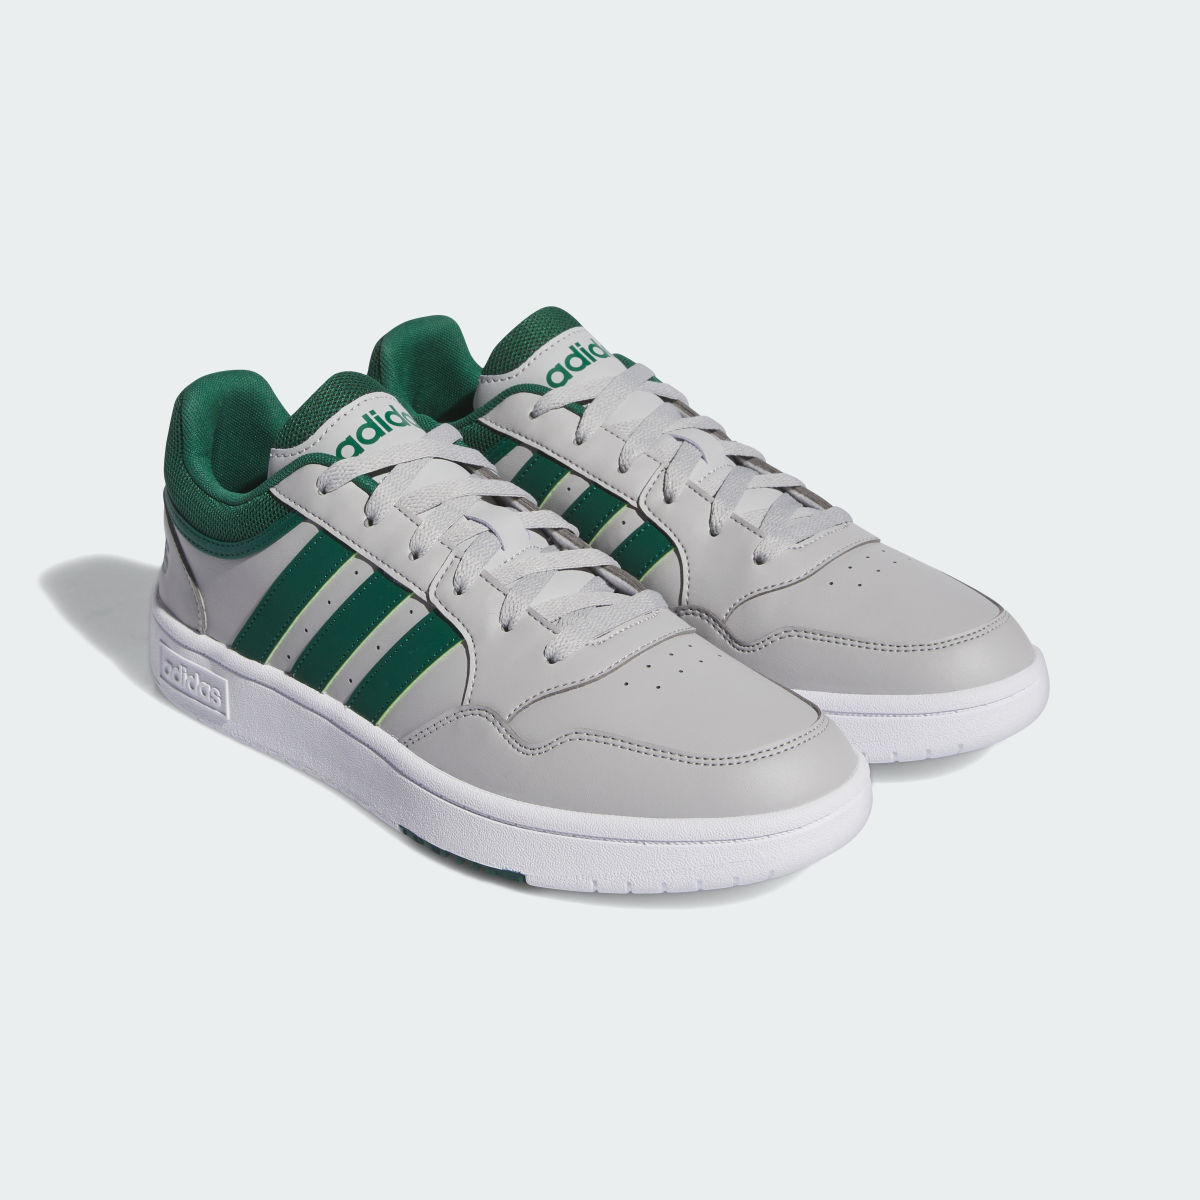 Adidas Hoops 3.0 Low Classic Vintage Shoes. 5
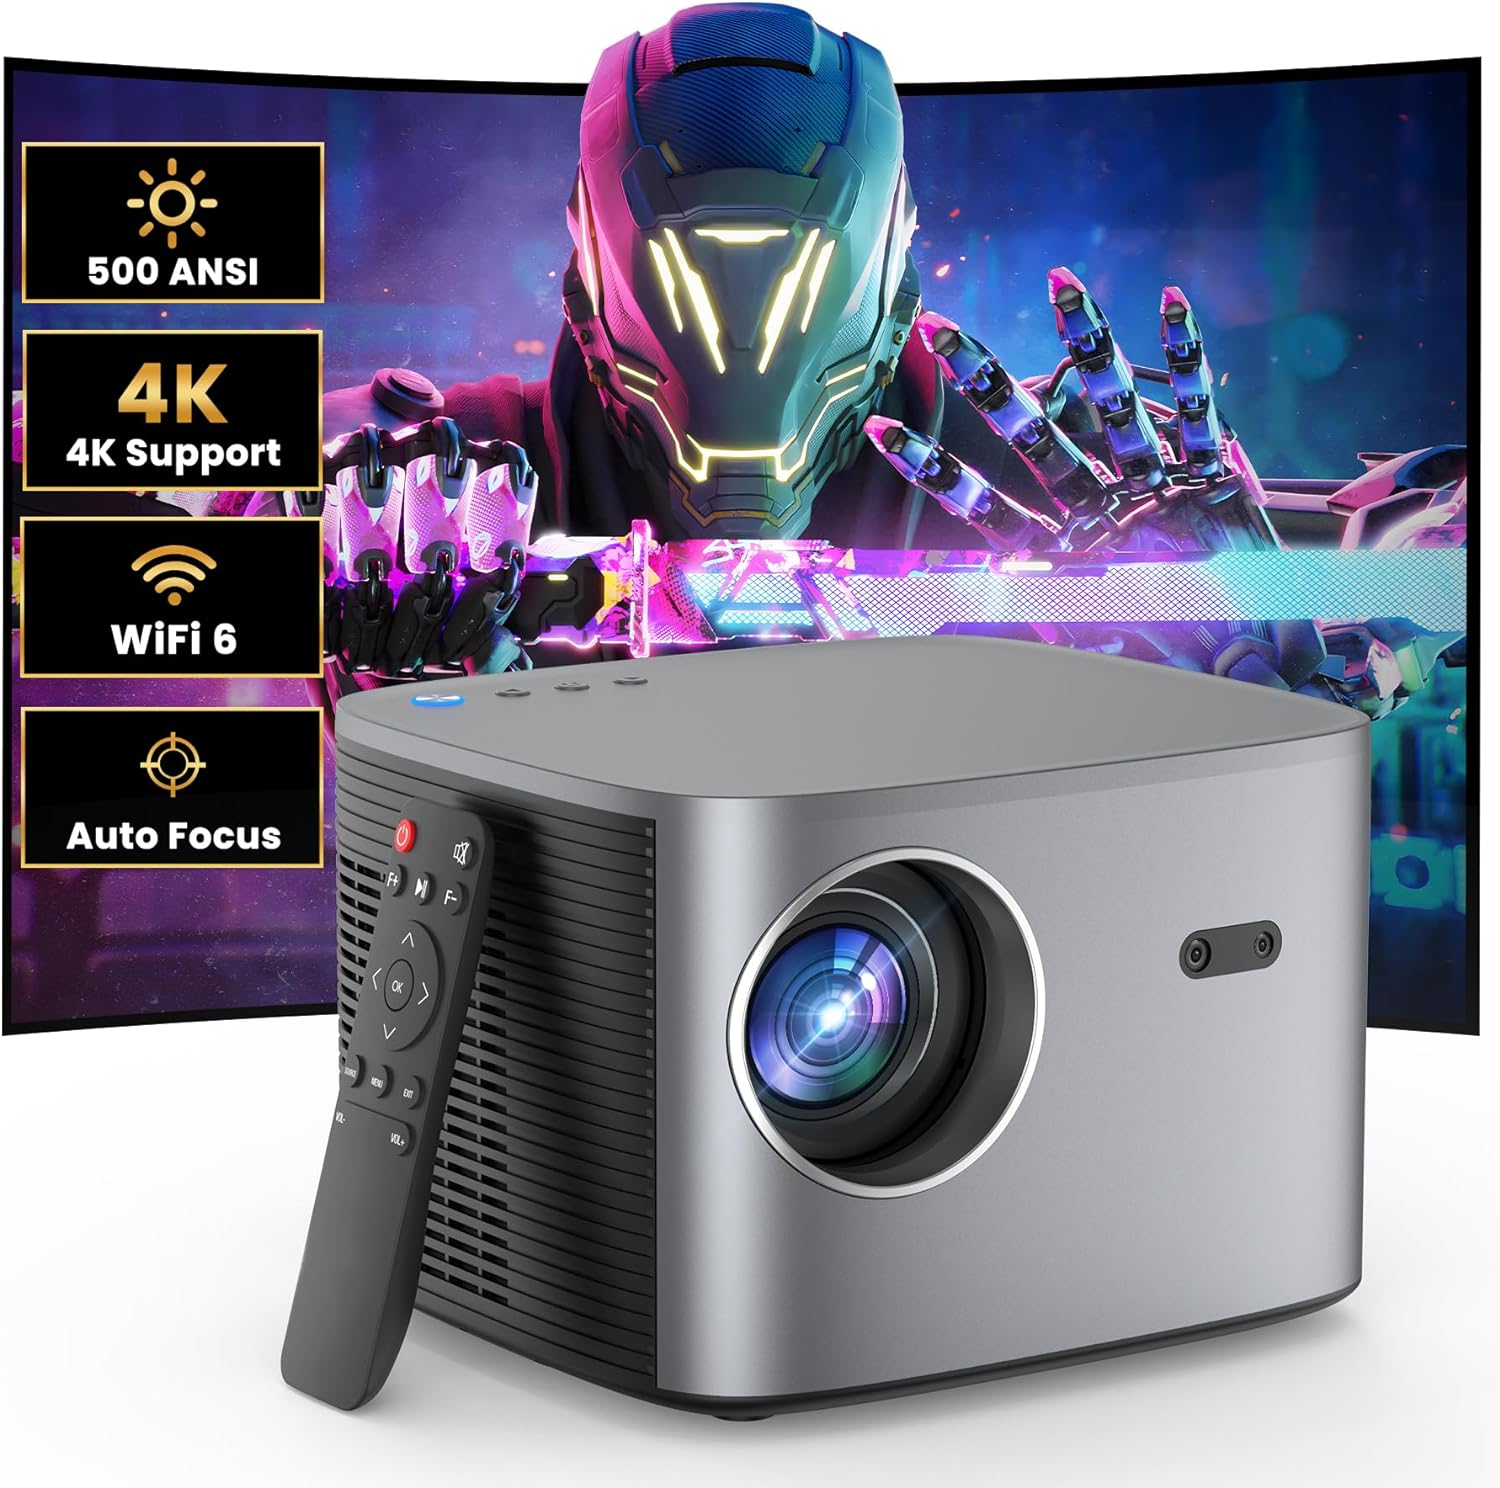 [Auto Focus/Keystone] Groview Projector with WiFi 6 and Bluetooth 5.2, Support 4K Projector 500 ANSI Native 1080P Outdoor Projector, 50-100% Zoom Home Theater Projector for iOS/Android/HDMI/TV Stick
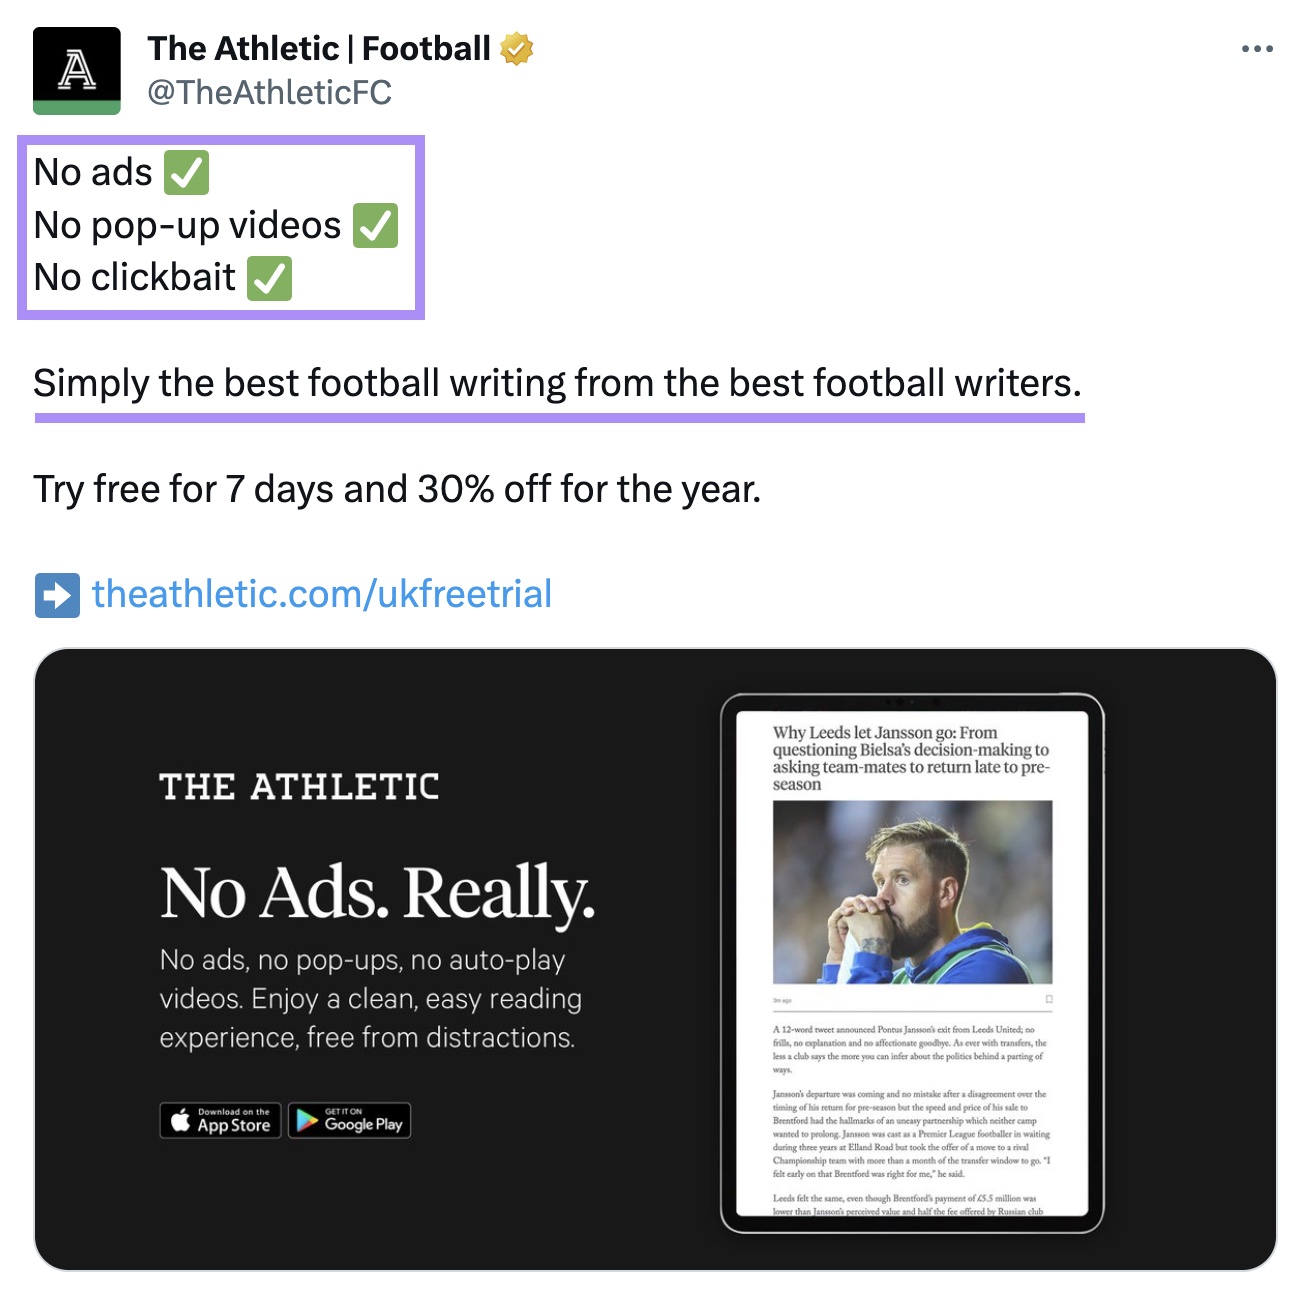 The Athletic's "No ads, no pop-up videos, no clickbait" “Simply the best football writing from the best football writers” copy

*WORK REQUIRED*:
Without any pictures, repeat the listing exactly.

*SOLUTION TO THE EXERCISE*:
 Adidas Hoops 3.0 Low Classic Vintage Shoes. 5
 [Auto Focus/Keystone] Groview Projector with WiFi 6 and Bluetooth 5.2, Support 4K Projector 500 ANSI Native 1080P Outdoor Projector, 50-100% Zoom Home Theater Projector for iOS/Android/HDMI/TV Stick
 The Athletic's "No ads, no pop-up videos, no clickbait" “Simply the best football writing from the best football writers” copy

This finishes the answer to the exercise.